"I warned you—if you listened to me," I reminded her.

"Oh, I've not been listening—only thinking."

"Of course, and you were disbelieving. It's high time you put us ashore. I want to believe, and I want not to be drowned. So does Jim,—both of 'em."

She pointed the boat to our landing, and as she leaned her narrow shoulders far back she shot me; one swift look. But I could see much farther into the water that floated us.

[CHAPTER XXV]

THE CASE OF FATTY BUDLOW

Lest Miss Katharine Lansdale seem unduly formidable, I should, perhaps, say that I appeared to be alone in finding her so. Little Arcadians of my own sex younger than myself—and, if I may suggest it, less discerning—were not only not menaced, but she invited them with a cordiality in which the keenest eye among them could detect no flaw. Miss Lansdale's mother had also pleased the masculine element of the town at her first progress through its pleasant streets. But Miss Caroline, despite many details of dress and manner that failed interestingly to corroborate the fact, was an old woman, and one whose way of life made her difficult of comprehension to the Little Country. Socially and industrially, one might say, she did not fit the scheme of things as the town had been taught to conceive it. Whereas, her daughter was a person readily to be understood in all parts of the world where men have eyes—as well by the homekeeping as by the travelled. Eustace Eubanks, more or less a man of the world by virtue of that adventurous trip to the Holy Land, understood her at one glance, as did Arthur Updyke, who had fared abroad to the college of pharmacy and knew things. But she was also lucid as crystal to G. Brown and Creston Fancett, whose knowledge of the outside world was somewhat affected by their experience of it, which was nothing. To all seven of the ages was this woman comprehensible. Old Bolivar Kent, eighty-six and shuffling his short steps to the grave not far ahead, understood her with one look; the but adolescent Guy McCormick, hovering tragically on the verge of his first public shave, divined her quite as capably; the middle-yeared Westley Keyts read her so unerringly on a day when she first regaled his vision that he toiled for half an hour as one entranced, disengaging what he believed to be porter-house steaks long after the porter-house line in the beef under his hand had been passed.

In short, Miss Lansdale was understood spontaneously—to borrow a phrase from the Argus—"by each and all who had the good fortune to be present," for she was dowered with that quick-drawing charm which has worked a familiar spell upon the sons of men in all times. She was incontestably feminine. She gave the woman-call. That she seemed to give it against her wish,—without intention,—that I was alone in detecting this, were trifles beside the point. Masculine Little Arcady cared not that she had been less successful than the late Colonel Potts, for example, in preserving the truly Greek spirit—cared naught for this so long as, meaningly or otherwise, she uttered the immemorial woman-call in its true note wheresoever she fared.

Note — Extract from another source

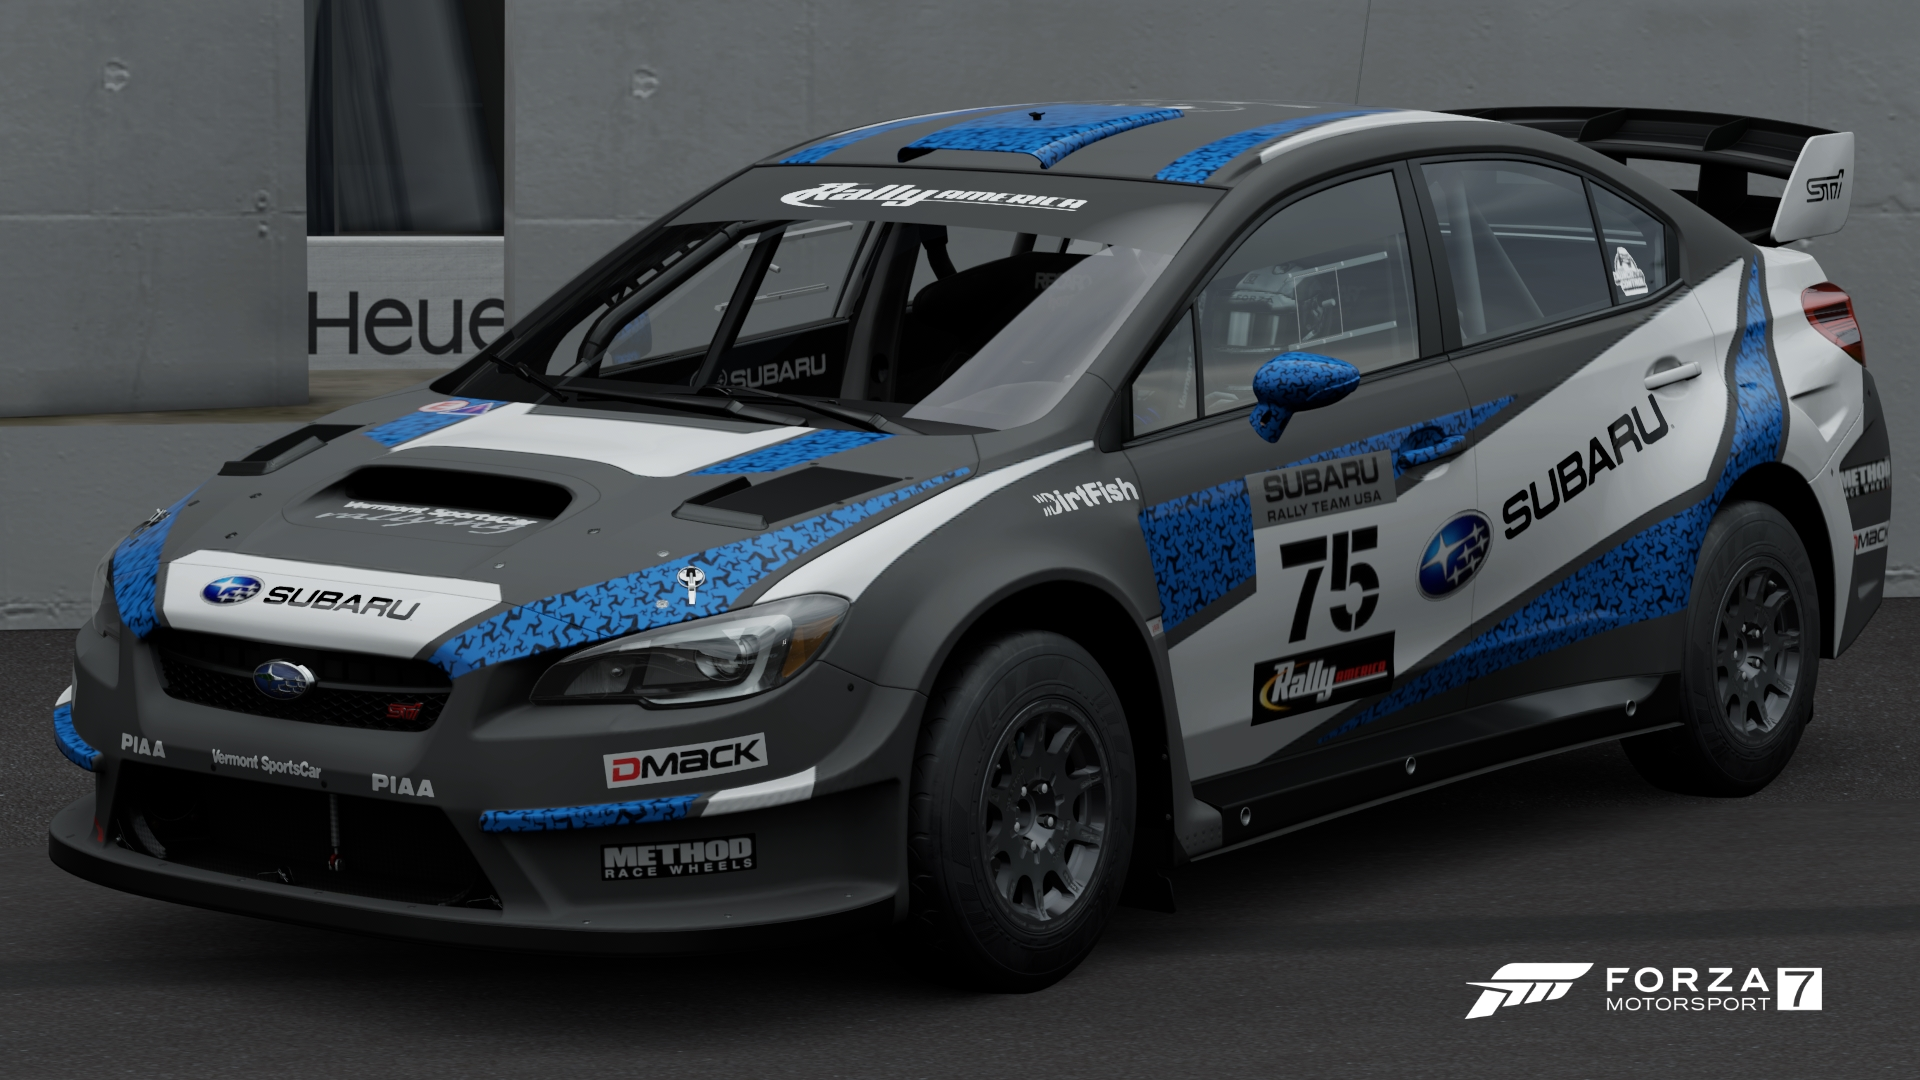 Subaru Rally Car >> Subaru Wrx Sti Vt15r Rally Car Forza Motorsport Wiki Fandom

And, curiously, since Miss Lansdale did not appear formidable to masculine Little Arcady—with one negligible exception—she seemed to try perversely not to be so. She was amazingly gracious to it—still with one exception. She melted to frivolity and the dance of mirth. She affected joy in its music and confessed to a new feeling for Jerusalem after attending a lawn party at which Eustace Eubanks did his best to please. She spoke of this to Eustace with a crafty implication that it had remained for him to interpret the antique graces of that storied place to a world all too heedless. Eustace himself felt not only a renewed interest in the land exploited by his magic lantern, but he began to view all the rest of the world in a new and rosy light, of which Miss Lansdale was the iridescent globe that diffused and subdued it to the mellow hue of romance.

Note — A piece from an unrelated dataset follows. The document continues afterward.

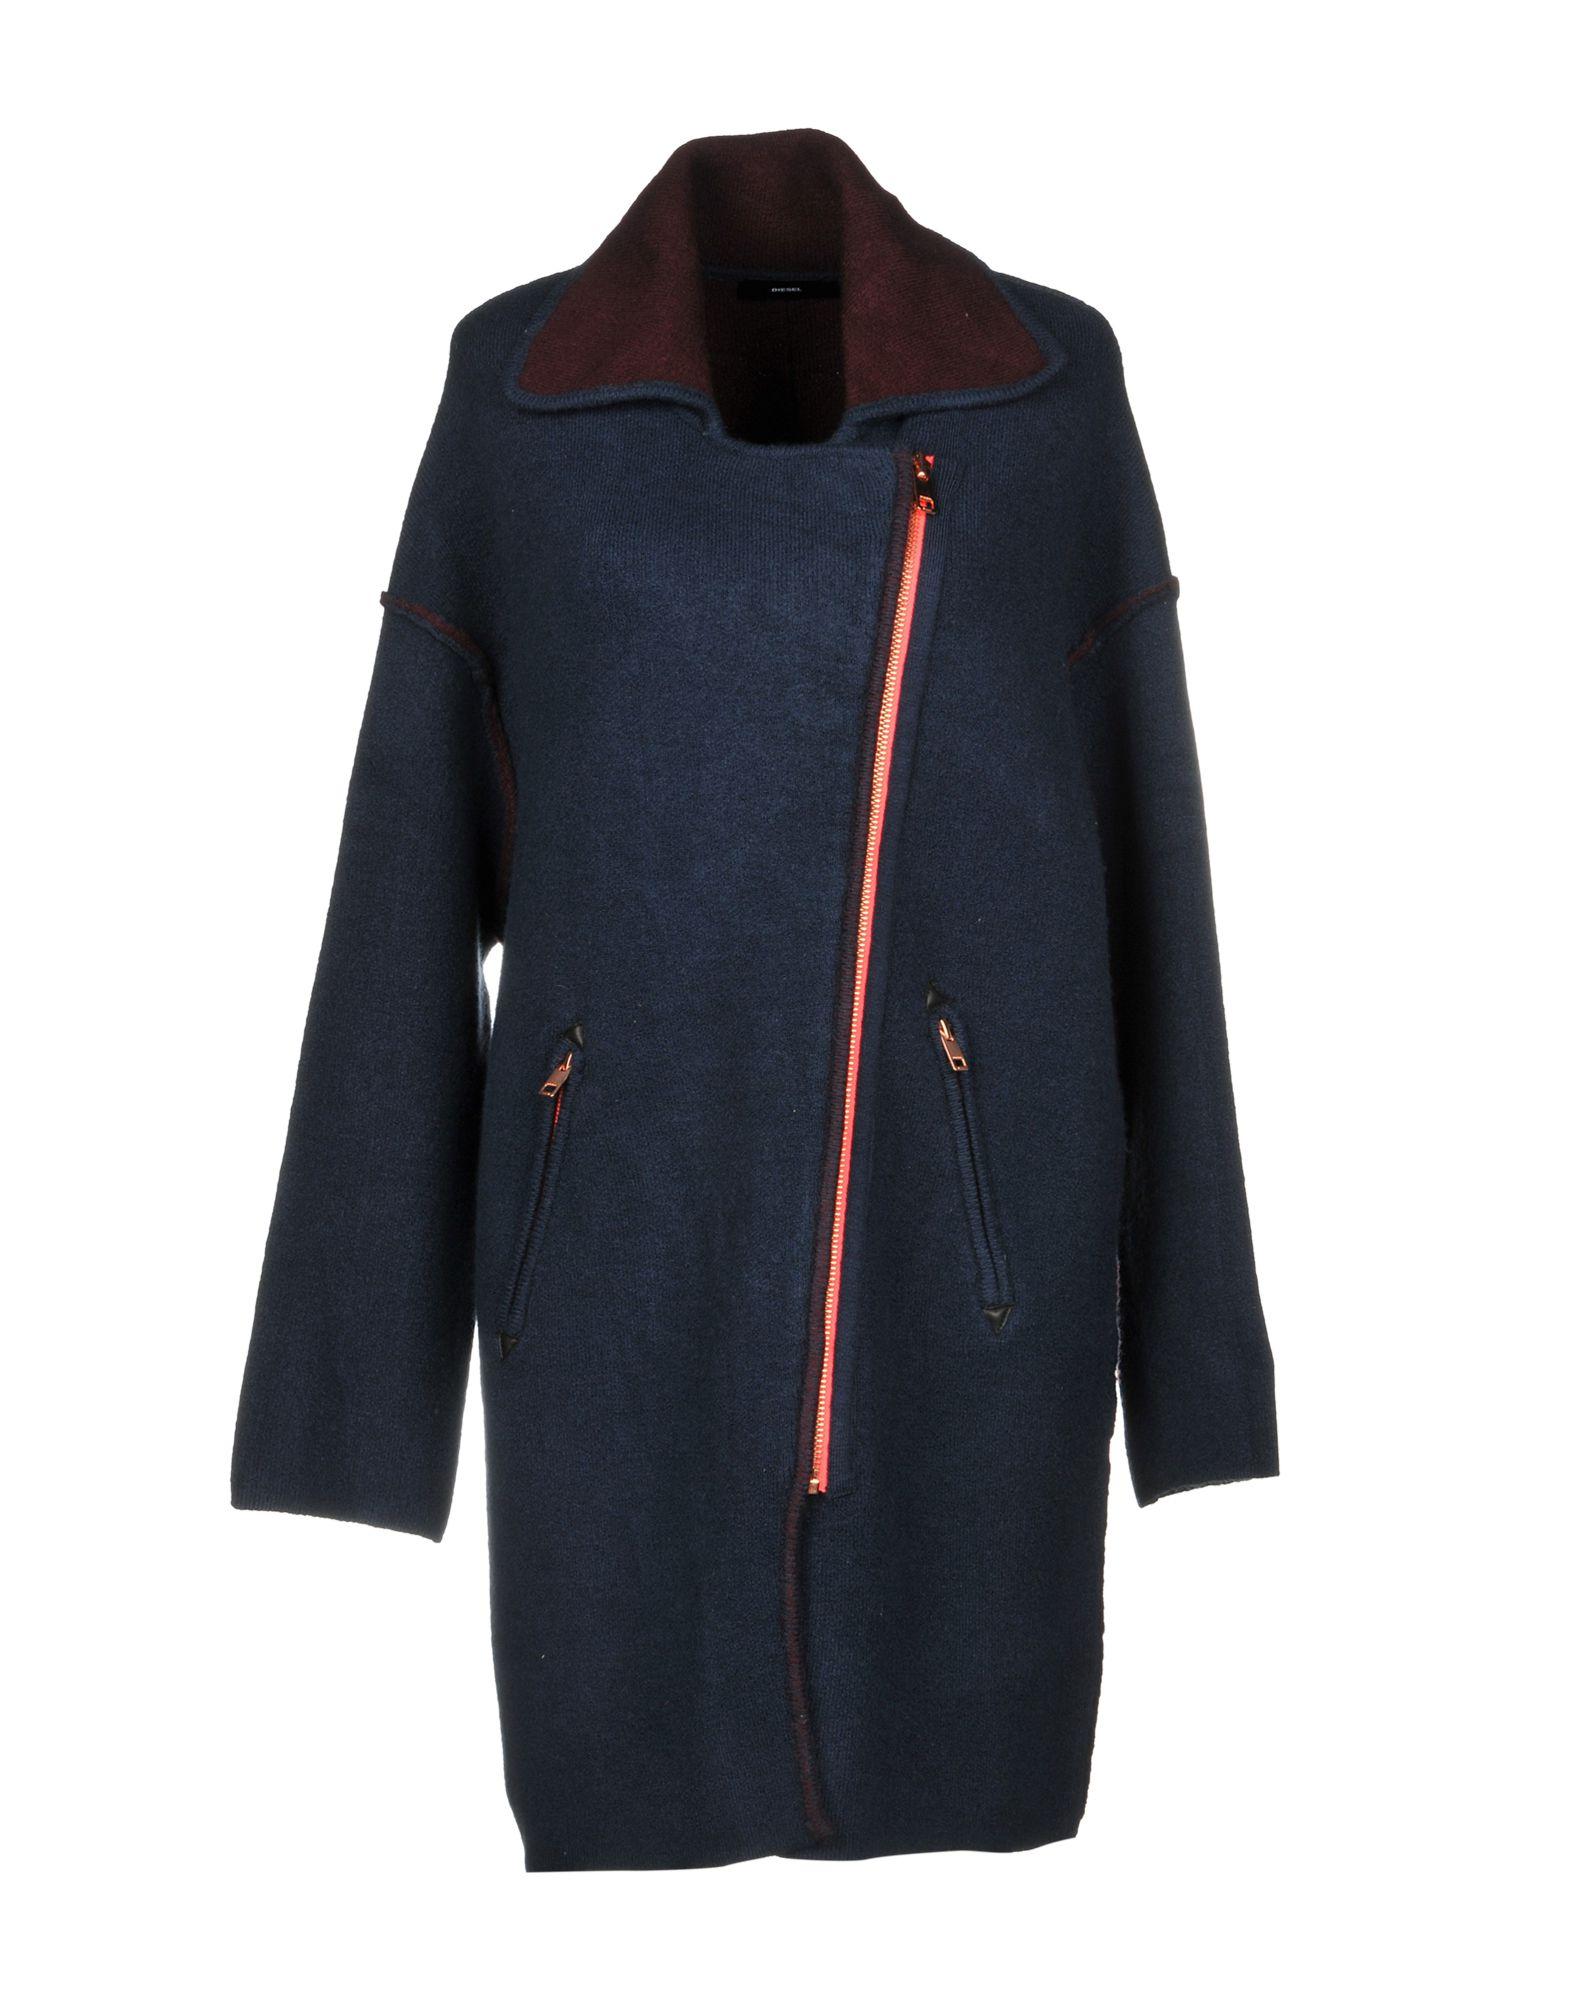 Full-Length Jacket in Dark Blue

It is impossible to believe that Eustace was ever at any pains to conceal the effects of this astral phenomenon from his family, for its members were very quickly excited. If in that vale the woman-call could be heard by ears attuned to its haunting cadences, so also did the frightened mother-call echo its equally primitive note, accompanied by the less well-known sister-call of warning and distress.